■ Prompt ■
Each word in the data below should be copied exactly; the images should not.

■ Given information ■
[Start of Attachment]
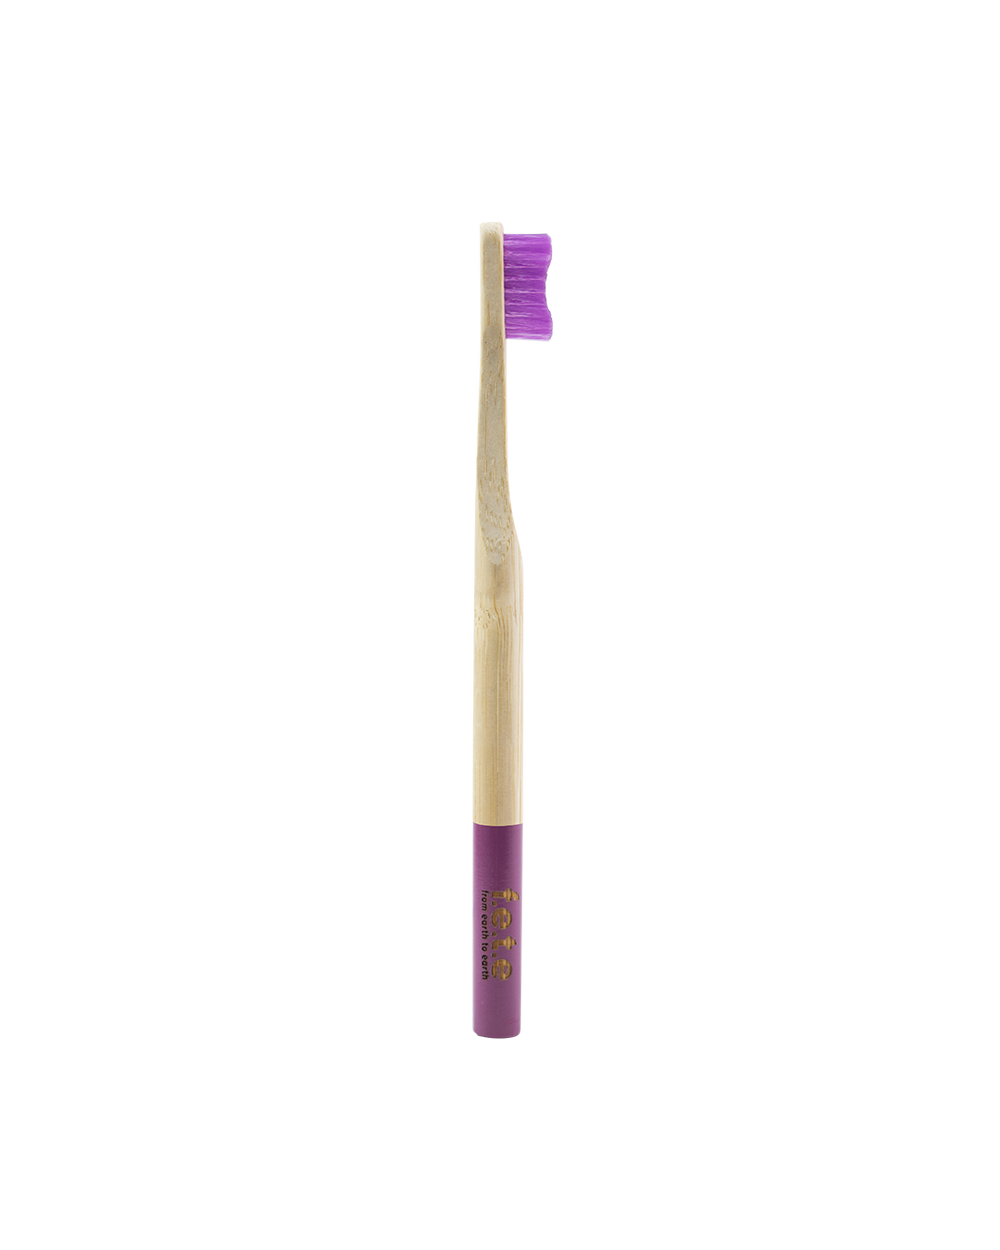 Bamboo toothbrush - medium softness fibers
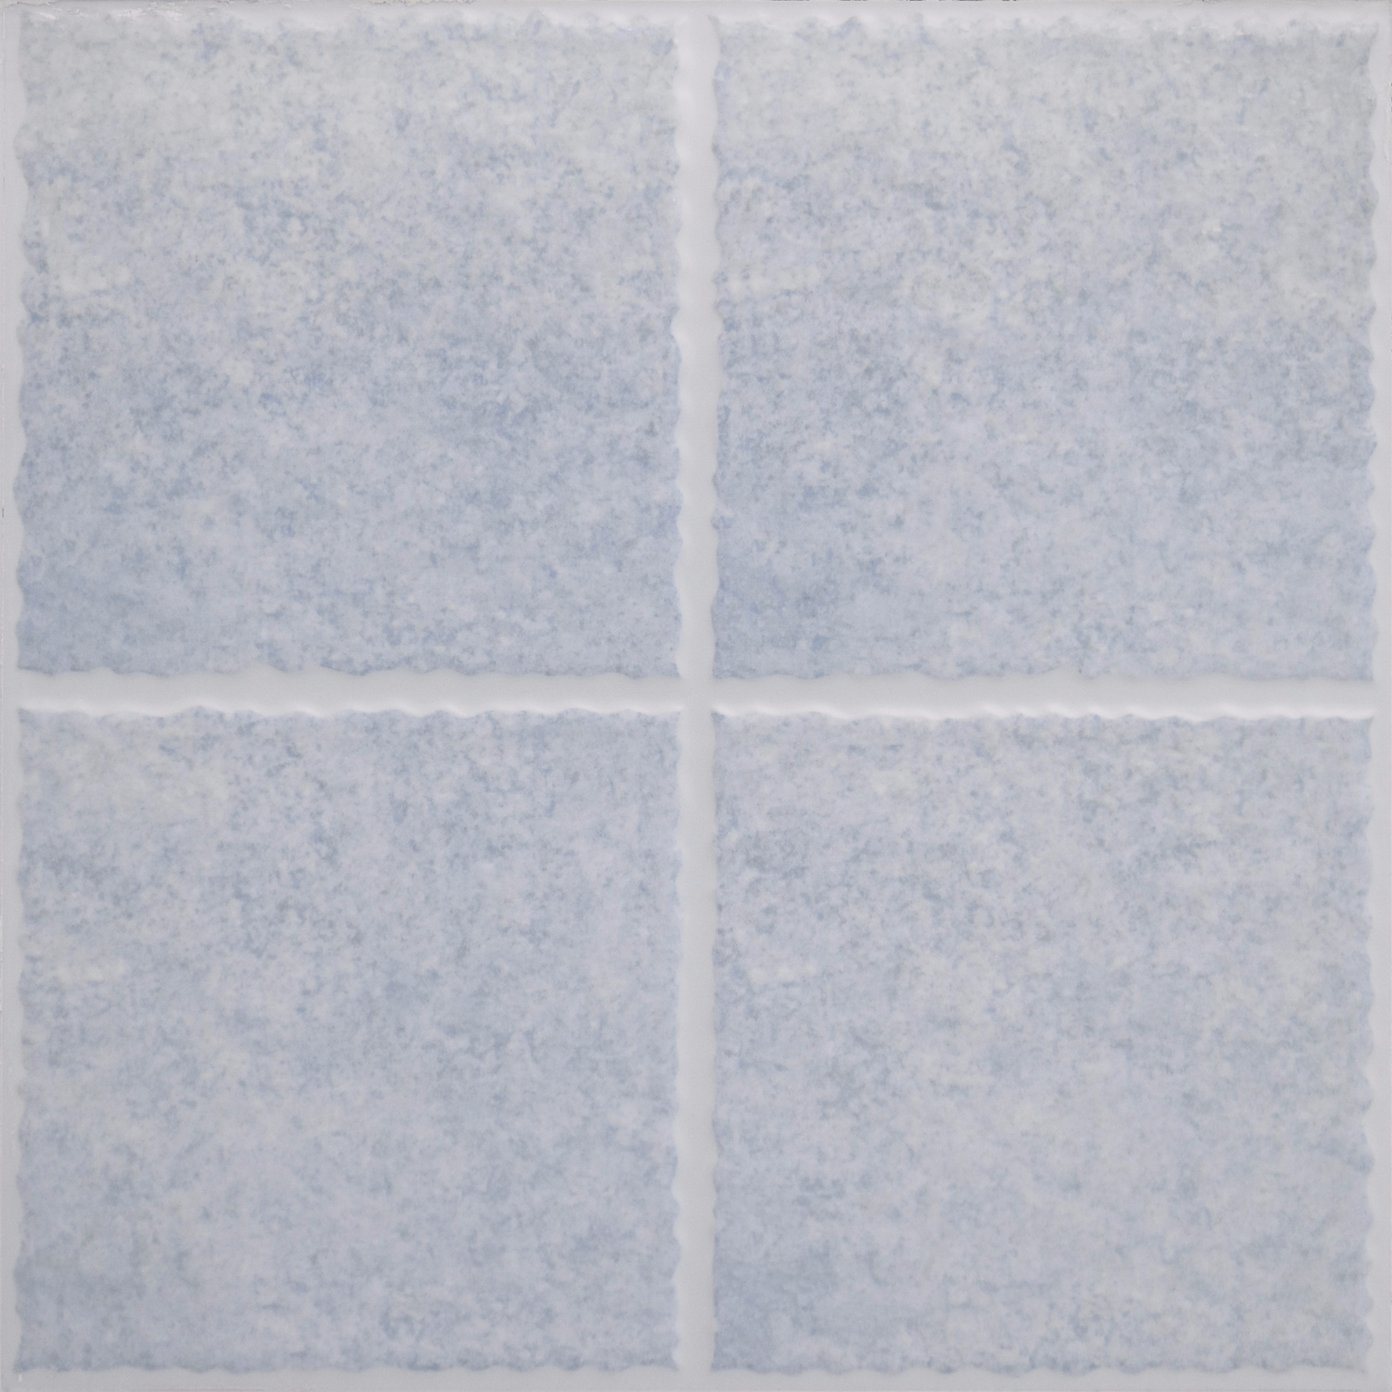 Ceramic Floor Tile Wall Tiles for 30X30
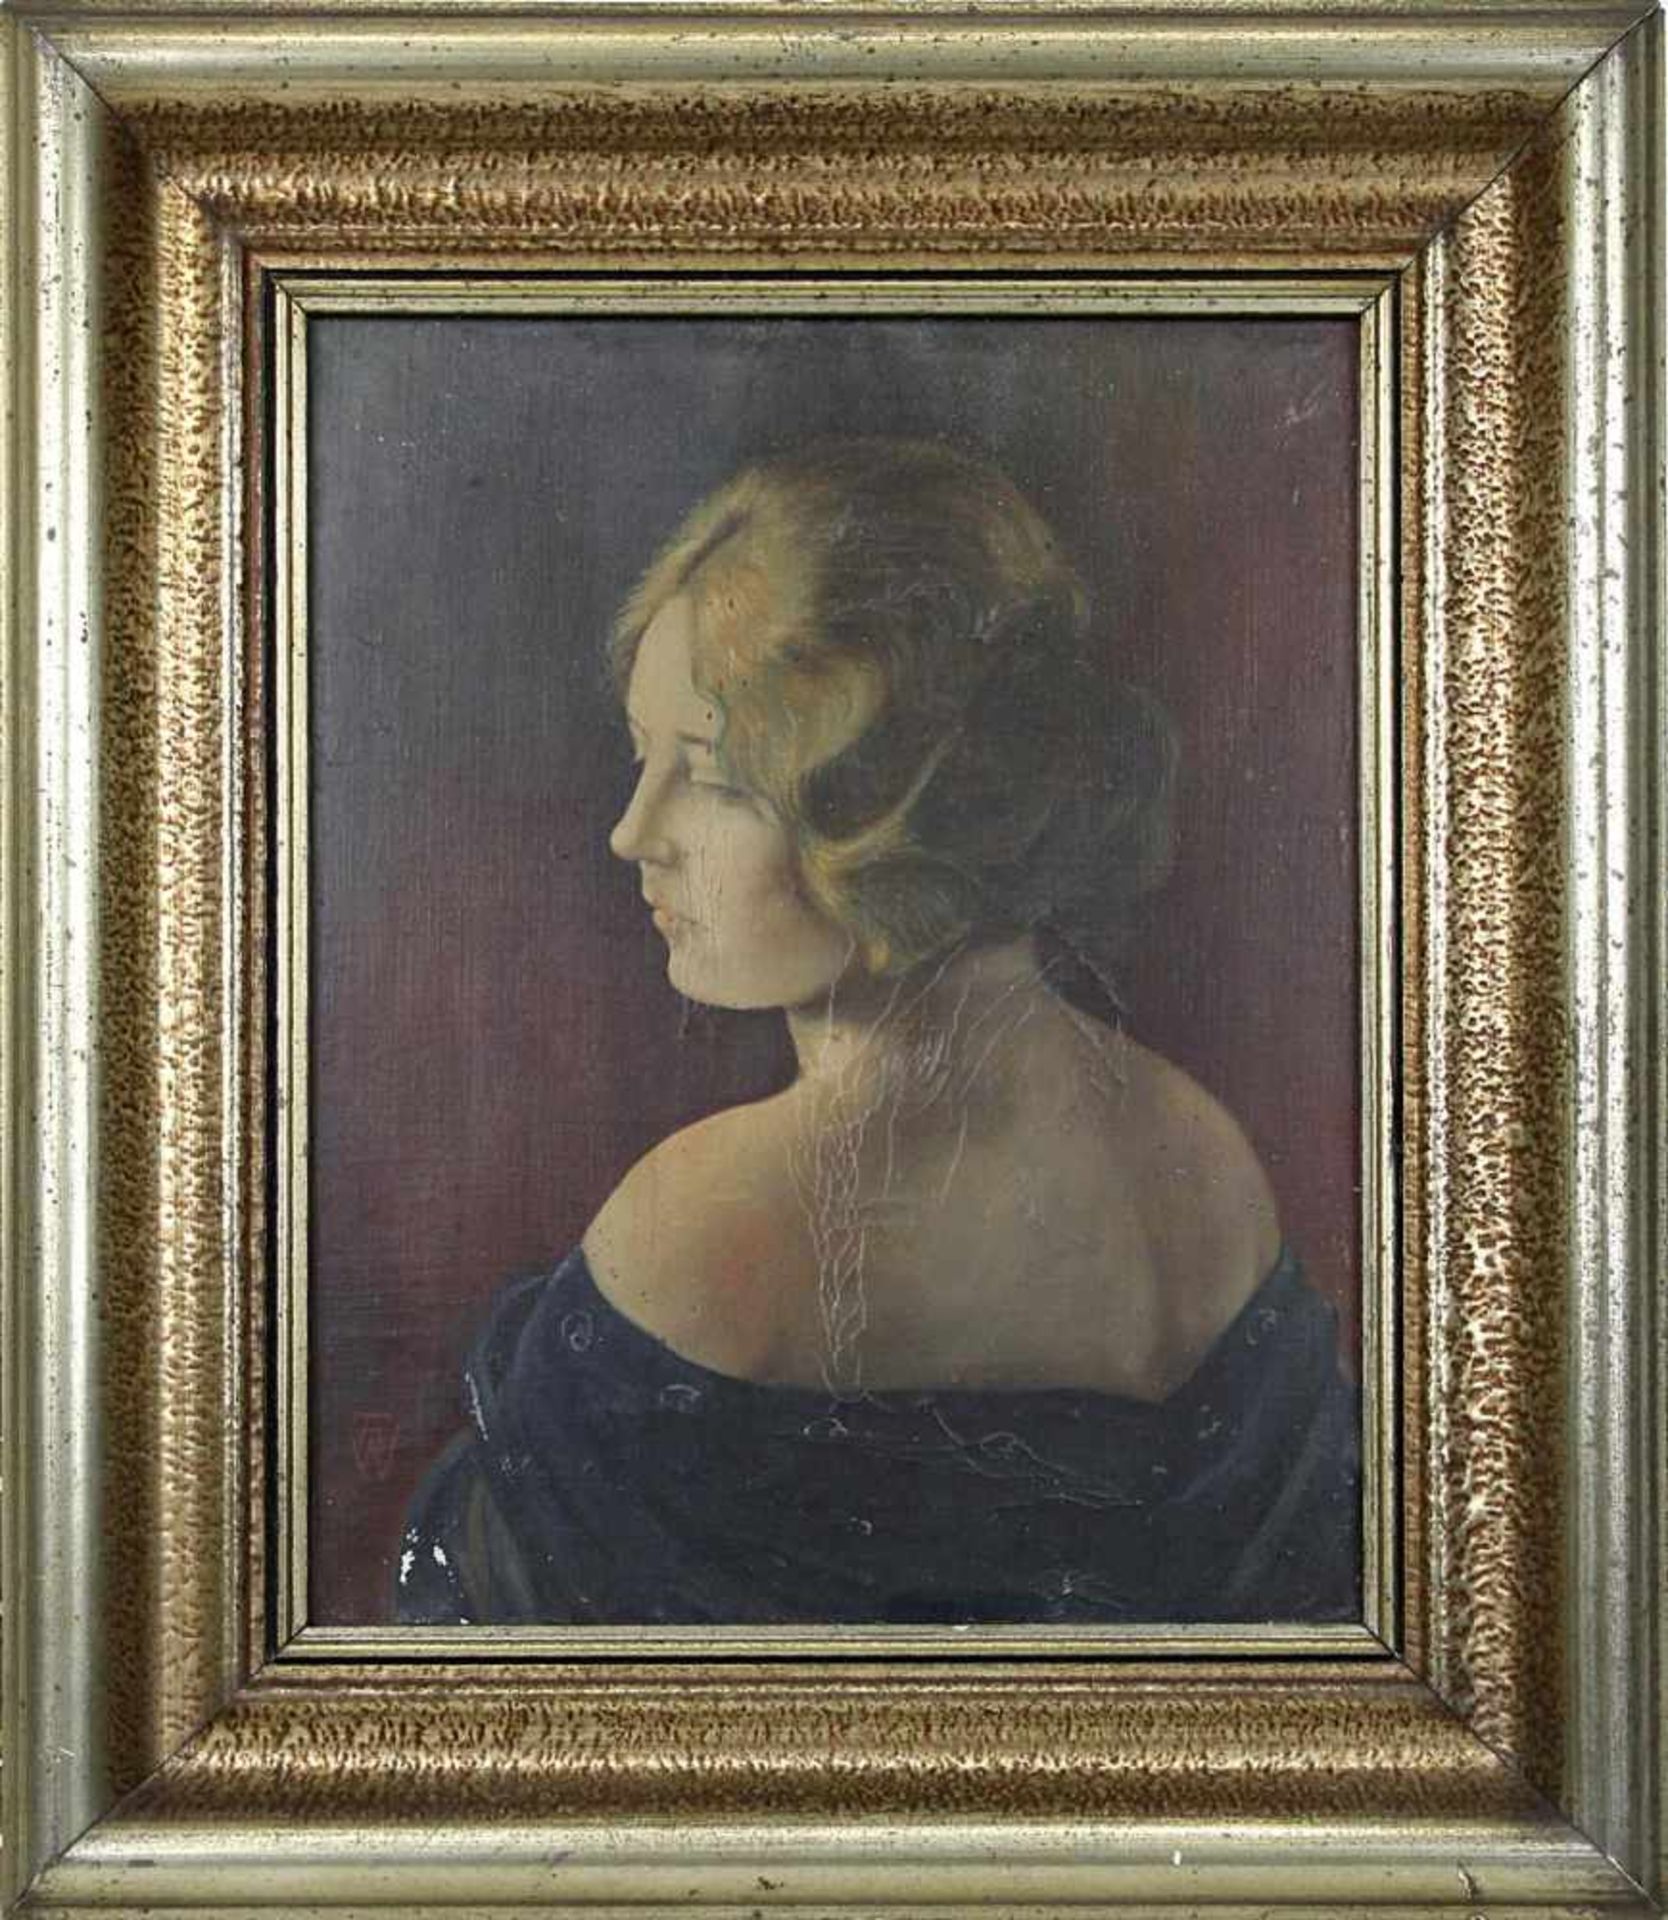 dt. Bildnismaler, um 1900, Portrait mit Rückenpartie einer jungen Frau, Öl auf Leinwand (mittig
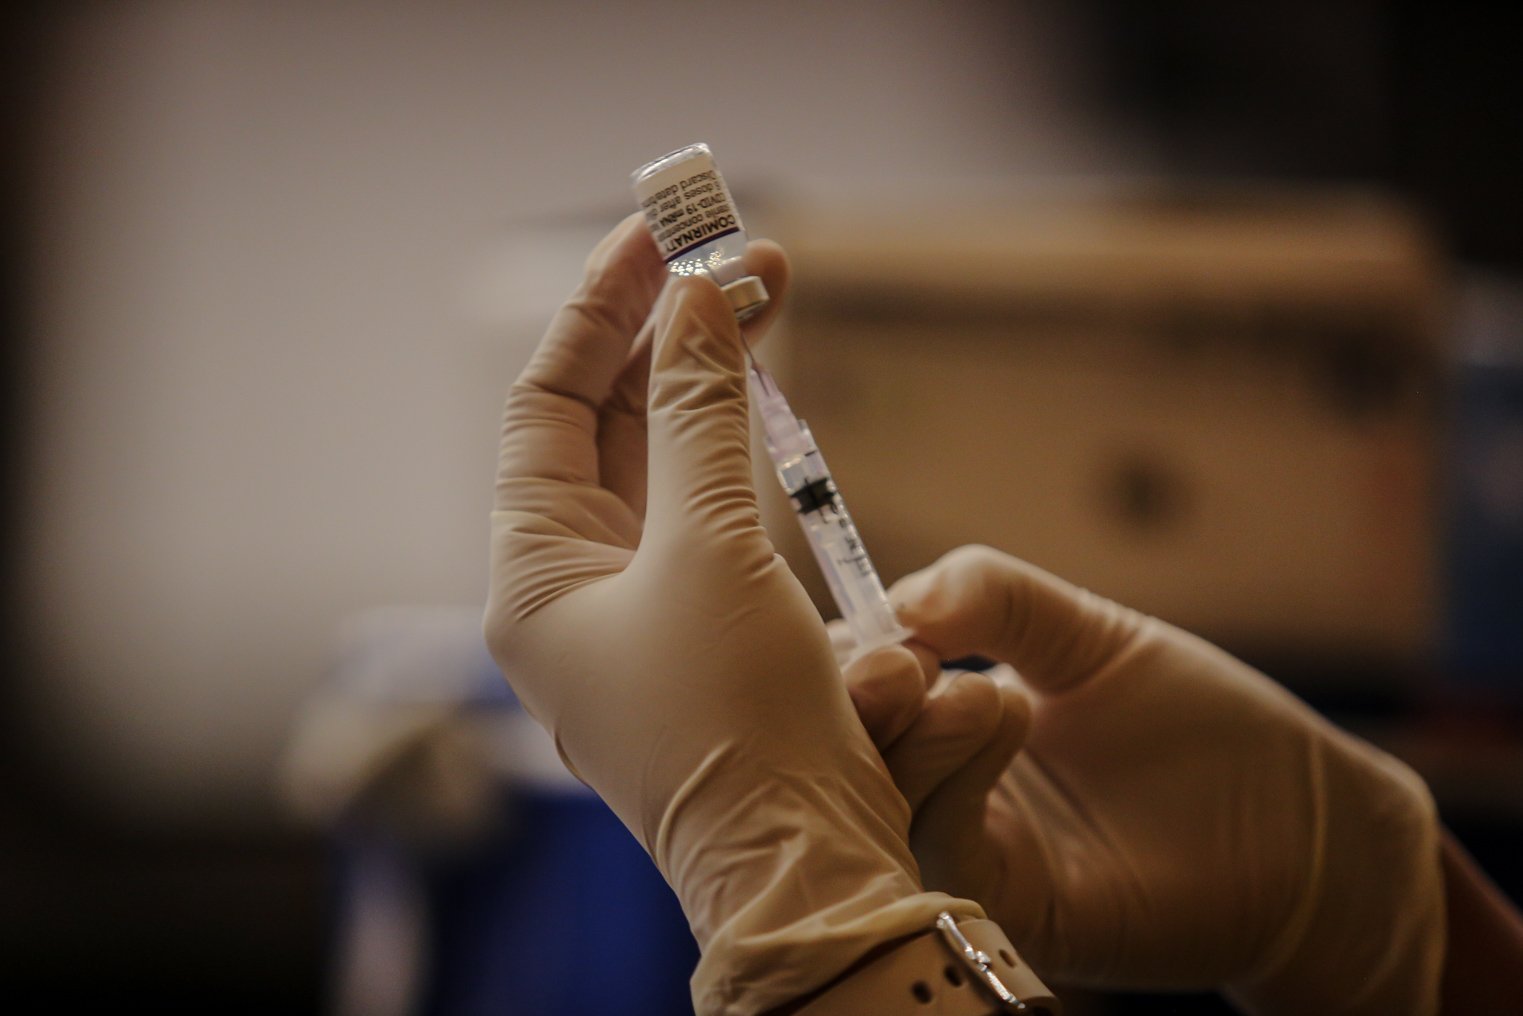 Petugas memasukan vaksin booster saat penyuntikan vaksin di Mal Kota Kasablanka, Jakarta, Rabu (26/1/2022). Vaksin Booster yang disediakan adalah vaksin jenis Pfizer, berlaku bagi peserta yang sudah vaksin lengkap hingga dosis ke-2 dengan jenis vaksin Sinovac atau AstraZeneca, telah menerima tiket vaksin ke-3 pada aplikasi PeduliLindungi, dan berusia 18 tahun ke atas.
[End of Attachment]
■ Answer to this task ■
 Bamboo toothbrush - medium softness fibers
 Ceramic Floor Tile Wall Tiles for 30X30
 dt. Bildnismaler, um 1900, Portrait mit Rückenpartie einer jungen Frau, Öl auf Leinwand (mittig
 Petugas memasukan vaksin booster saat penyuntikan vaksin di Mal Kota Kasablanka, Jakarta, Rabu (26/1/2022). Vaksin Booster yang disediakan adalah vaksin jenis Pfizer, berlaku bagi peserta yang sudah vaksin lengkap hingga dosis ke-2 dengan jenis vaksin Sinovac atau AstraZeneca, telah menerima tiket vaksin ke-3 pada aplikasi PeduliLindungi, dan berusia 18 tahun ke atas.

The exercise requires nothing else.